RECORDS TO PROCESS
□ □ □ □

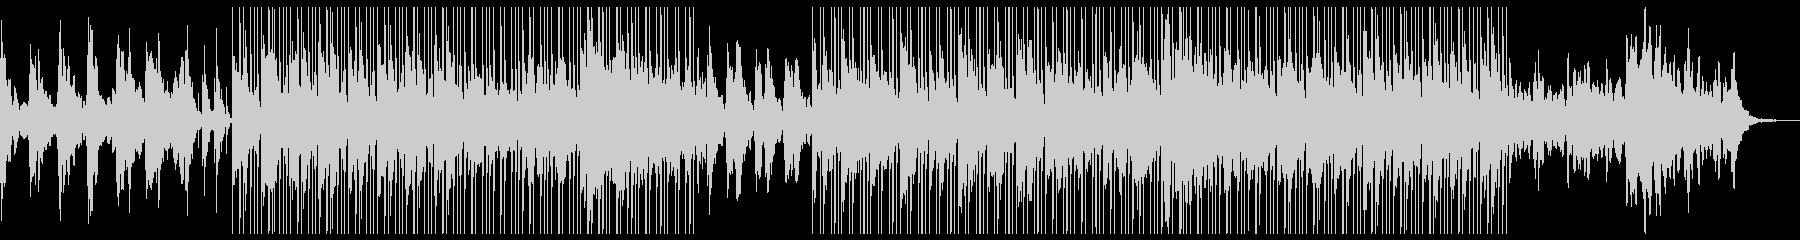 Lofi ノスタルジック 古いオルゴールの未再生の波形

□ □ □ □

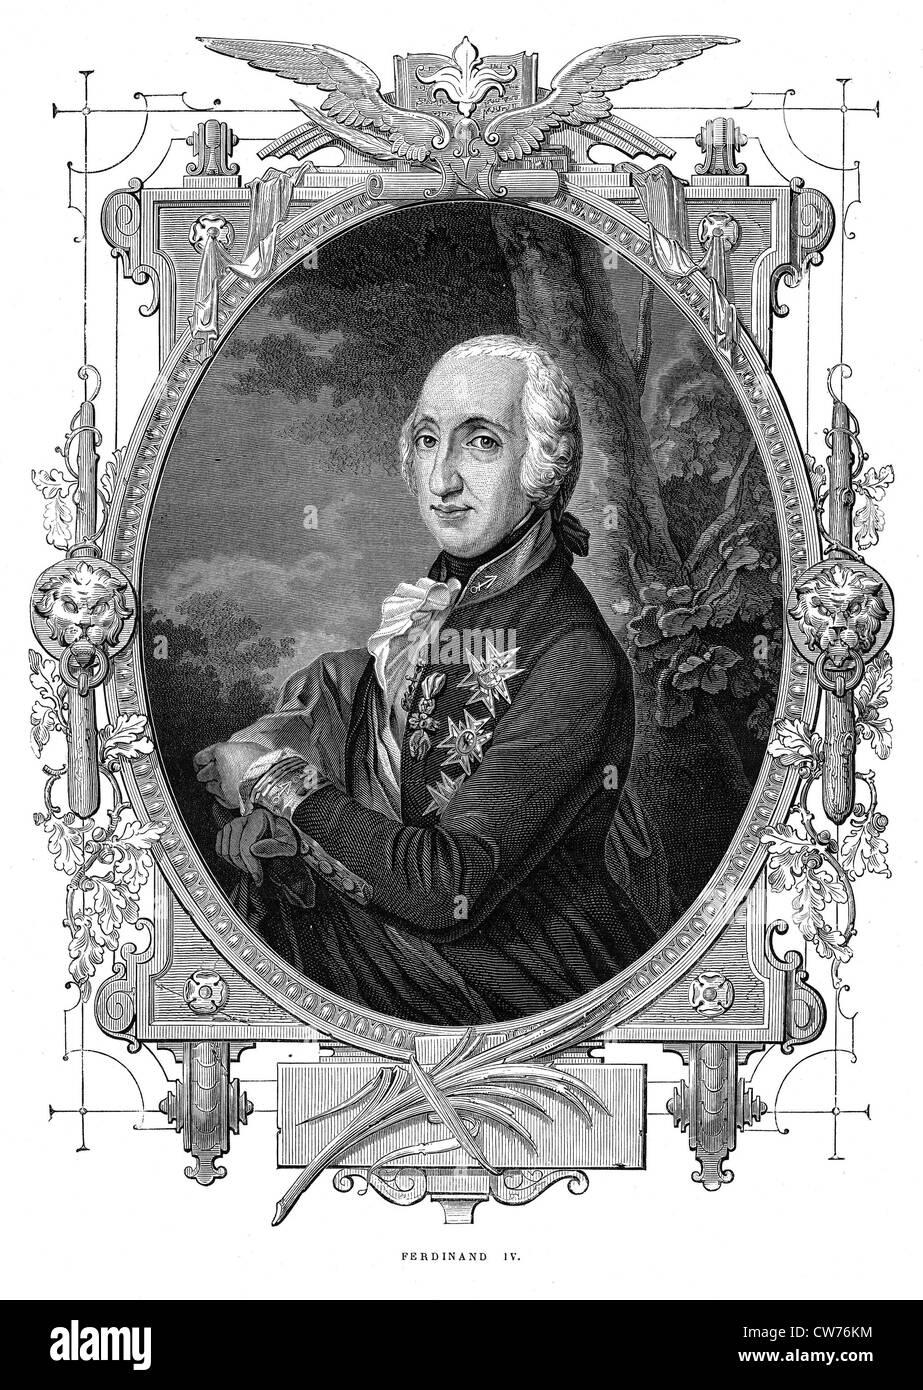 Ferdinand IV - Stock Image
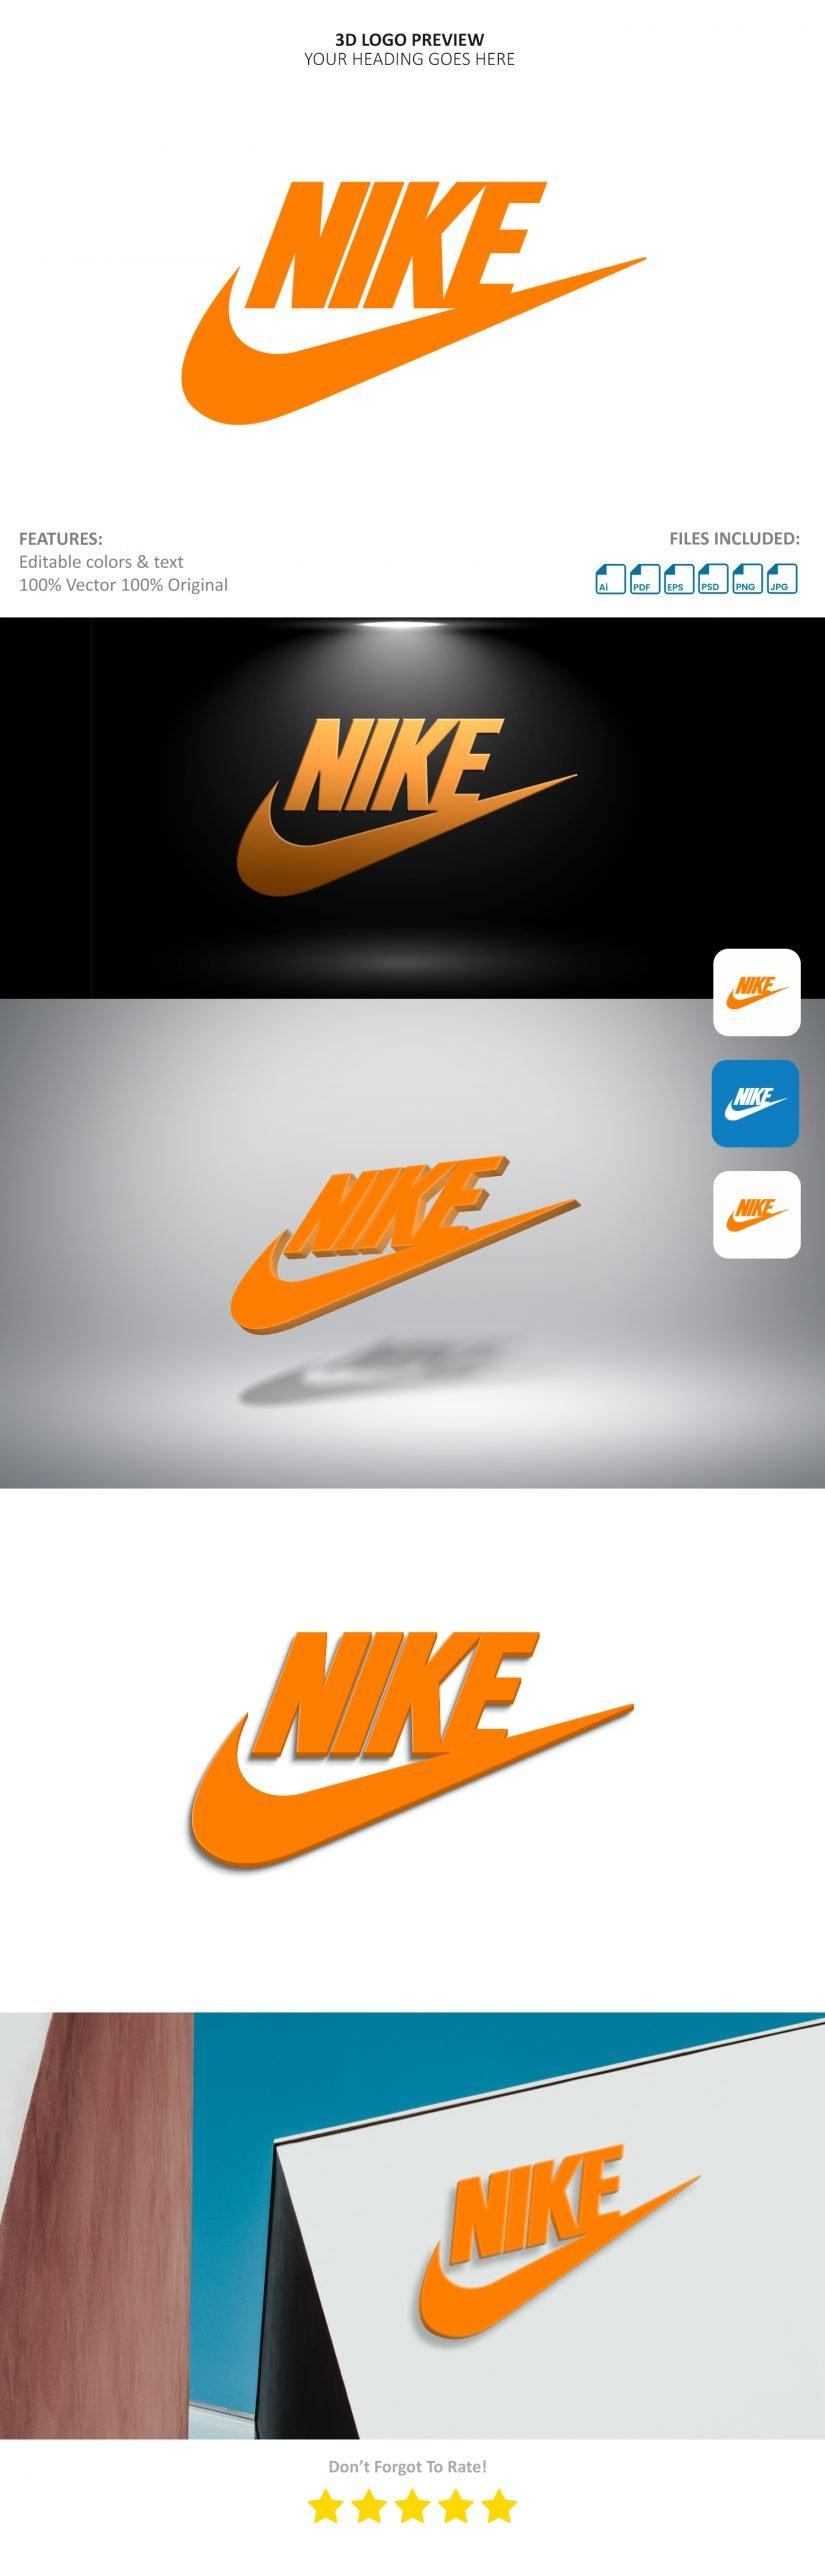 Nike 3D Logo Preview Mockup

□ □ □ □

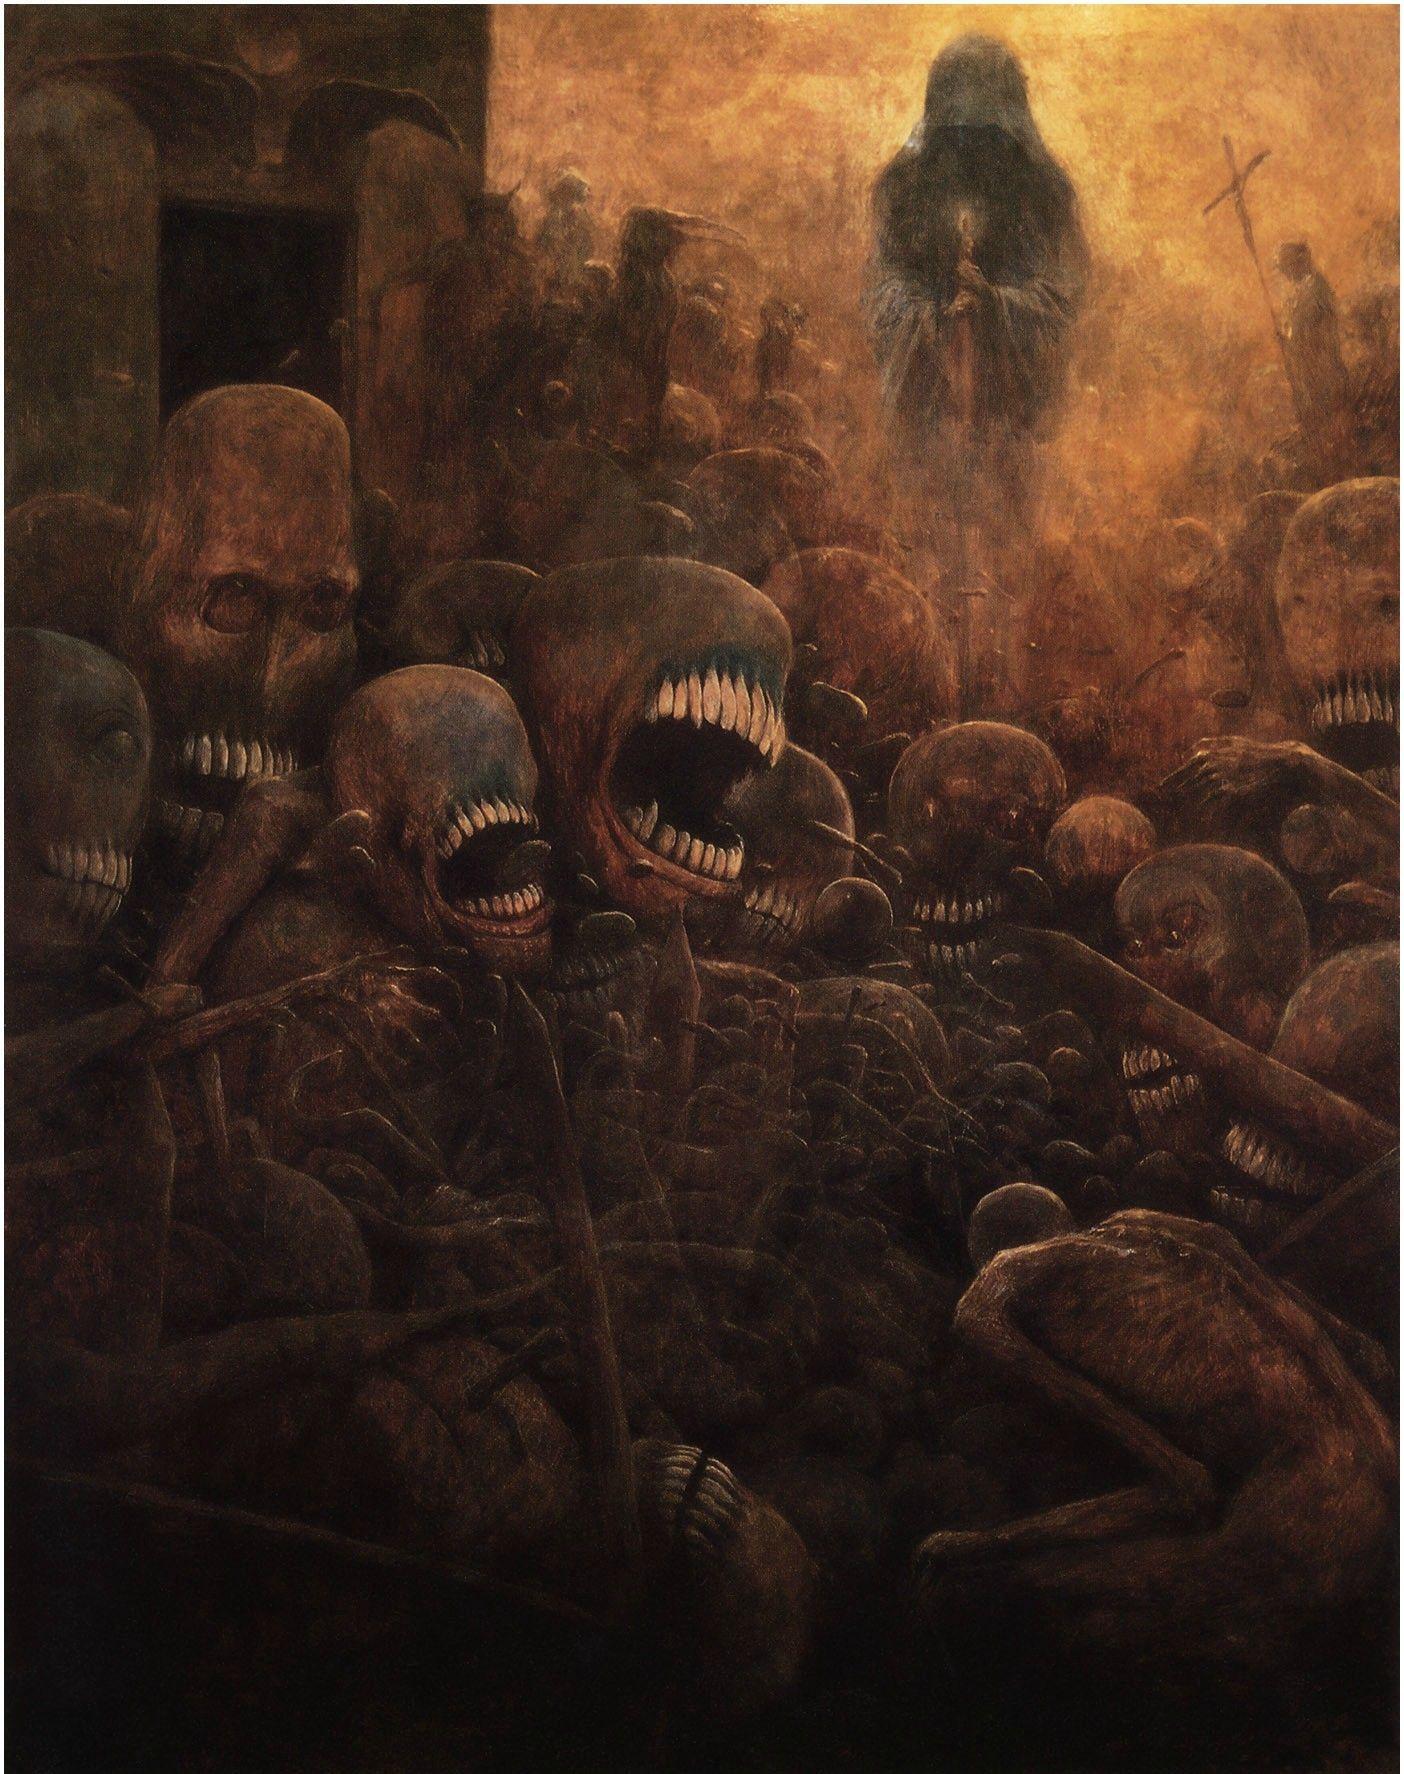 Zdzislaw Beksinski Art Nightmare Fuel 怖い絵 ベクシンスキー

□ □ □ □

Exactly as written above, retype the lines starting at the one holding "Ferdinand IV - Stock Image" and ending at the one holding "Nike 3D Logo Preview Mockup", both included, but not the pictures.

OUTPUT FOR THIS TASK
 Ferdinand IV - Stock Image
 Nike 3D Logo Preview Mockup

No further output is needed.